Ezio's rebuilding of the Brotherhood tied in with a new gameplay mechanic that allowed players to recruit citizens to help in later missions. In addition to the stealth-action gameplay the games had become known for, "Brotherhood" also introduced multiplayer to the series with 8 distinct modes. The game's highest rated version was seen on the PlayStation 3 and earned a 90.

1. Assassin's Creed 2

2007's "Assassin's Creed" may have kicked off one of gaming's biggest franchises, but without the immense success of the 2009 sequel, which earned a 91 on PlayStation 3, the series might never have become a legend. The present day plotline followed Desmond Miles looking for a way to stop the Templars by using memories of a different ancestor than the first game. Enter: Ezio Auditore da Firenze.

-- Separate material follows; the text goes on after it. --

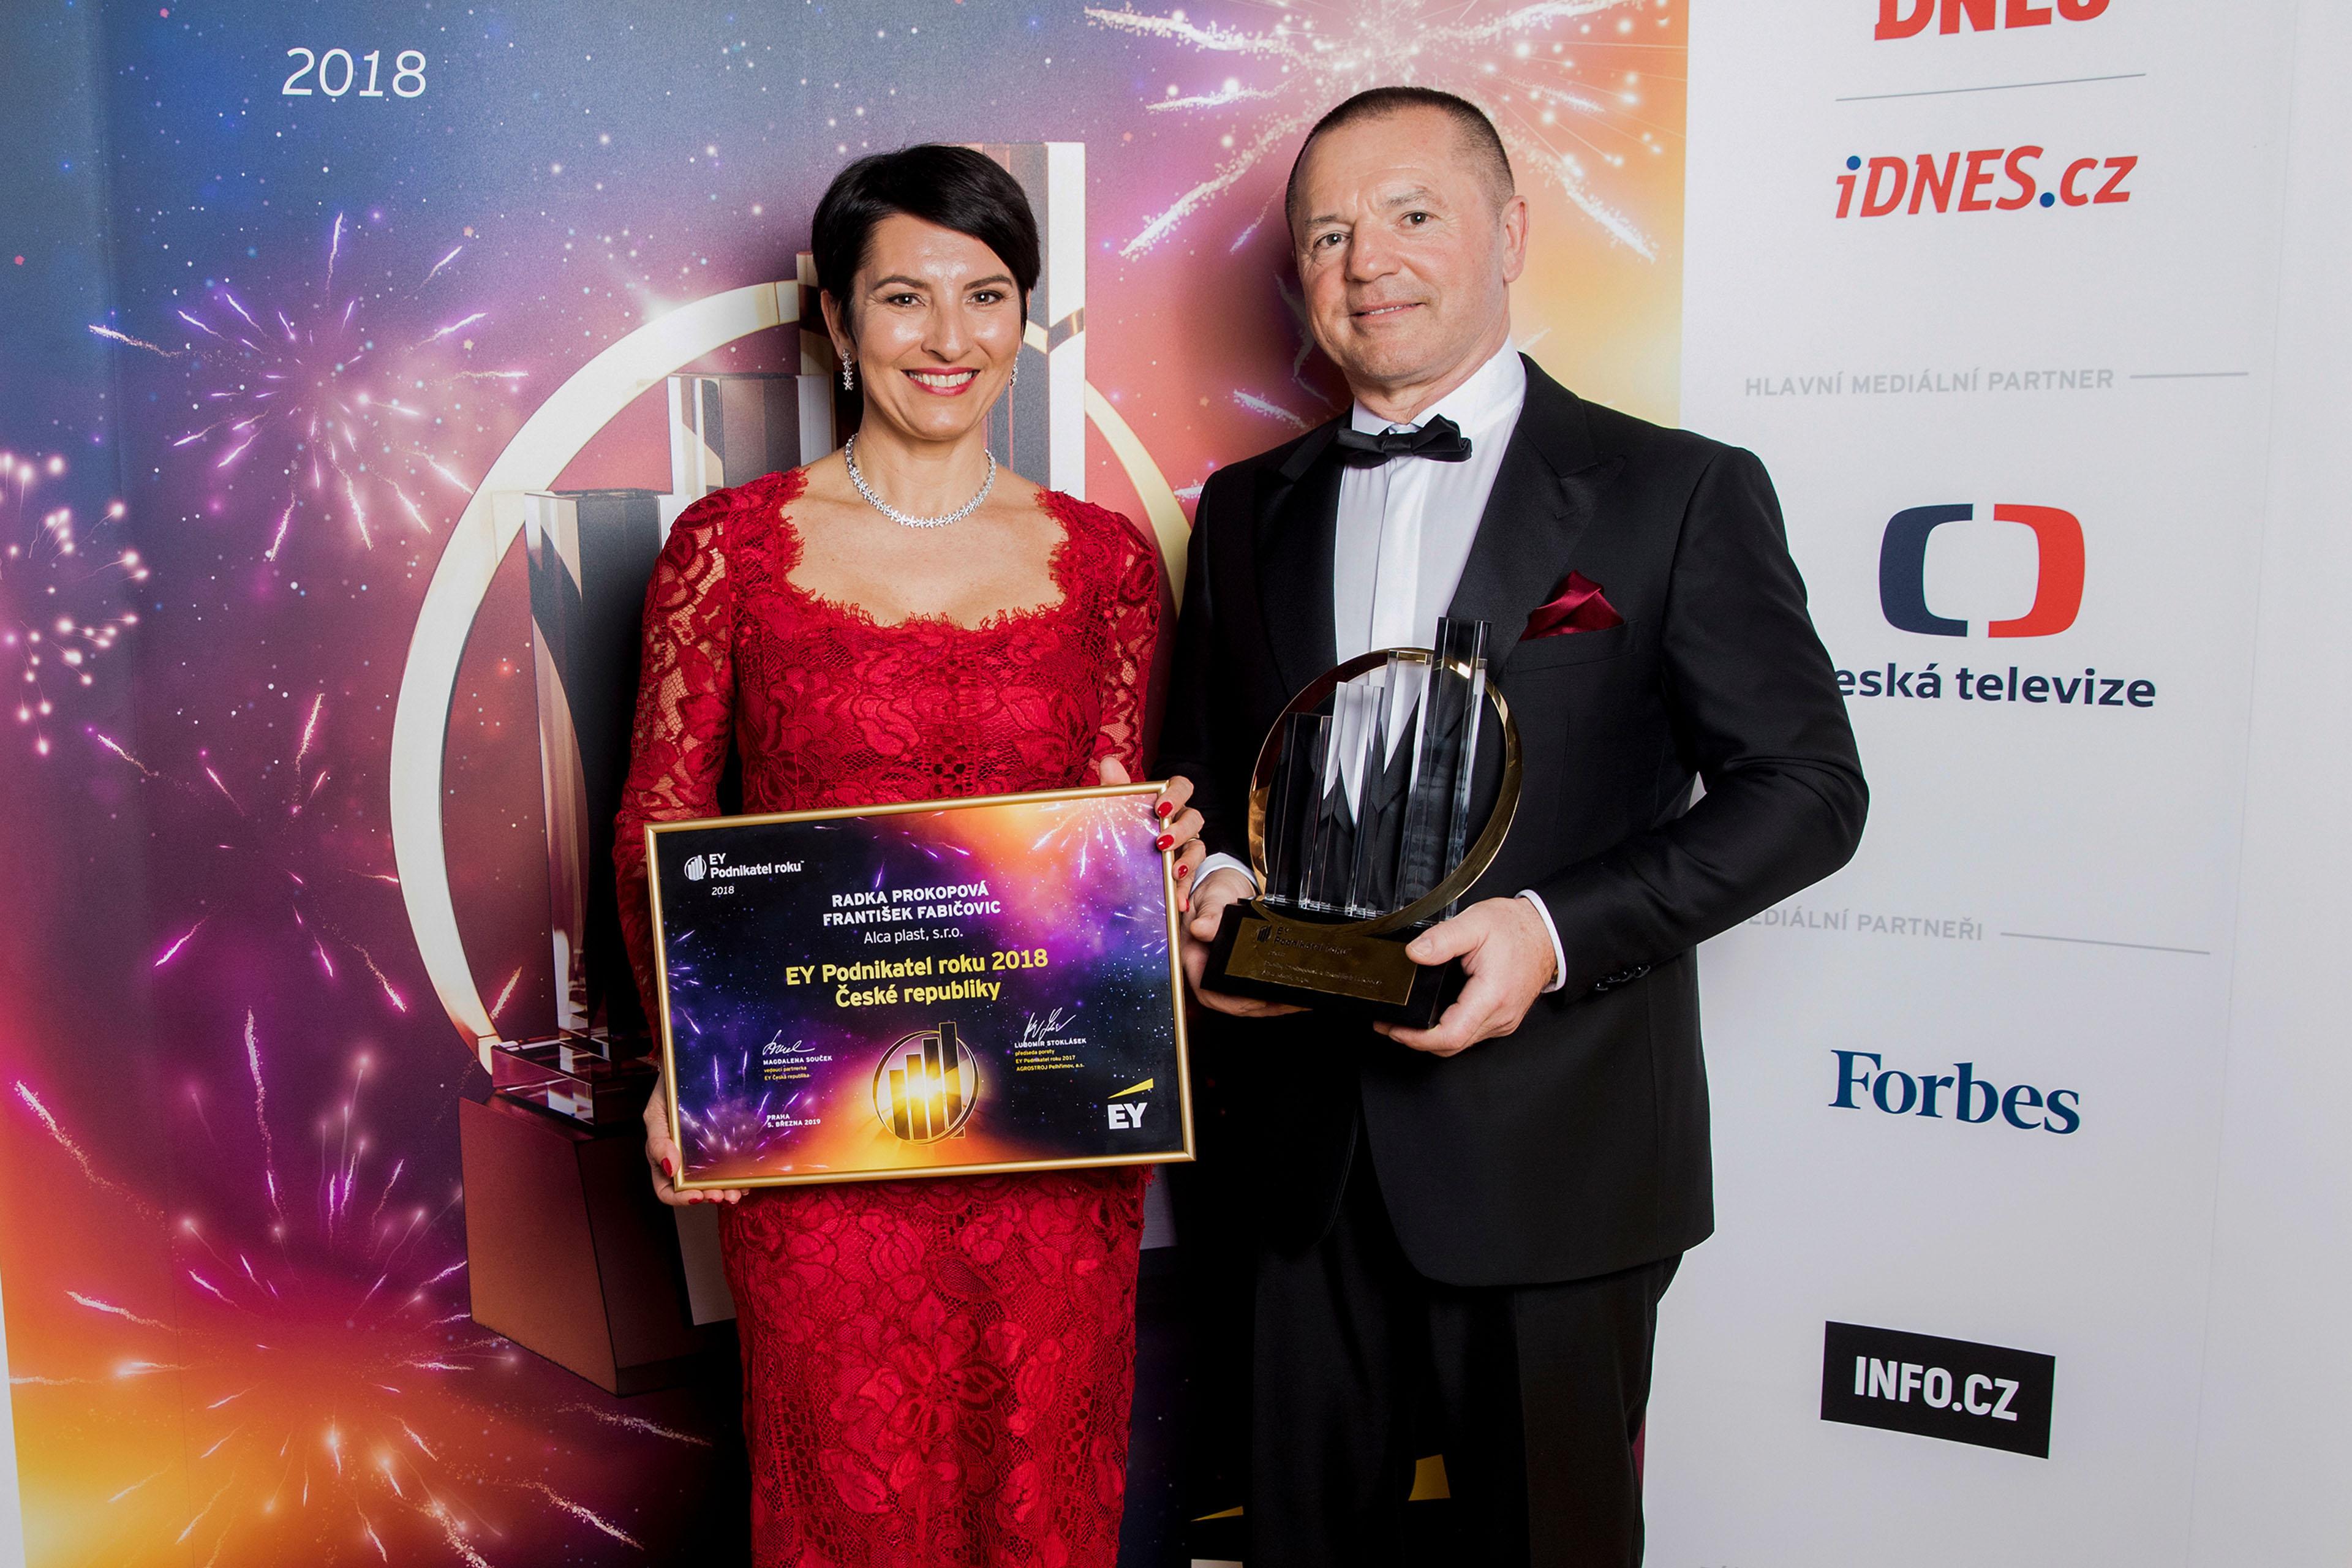 2019 Entrepreneur Radka Prokopová František Fabičovic

Set during the Renaissance Period in 15th Century Italy, this game followed Ezio after his father and brothers were framed for treason and executed. Upon fleeing his home, the once wealthy and carefree Ezio dedicated his life to training as an assassin with his Uncle Mario, who reveals the family's ties to the Brotherhood. While revenge is a common theme in many Assassin's Creed games, Ezio's story is still captivating and his dedication to protecting the world from the Templars is admirable.

Assassin's Creed II benefited from the fact that it was set in a more well-known era than its predecessor. Critics and fans also find this sequel to have a more engaging story, and praise has been heaped on the game's open world design (courtesy of the then-new Anvil engine), which Ubisoft has been using and improving ever since.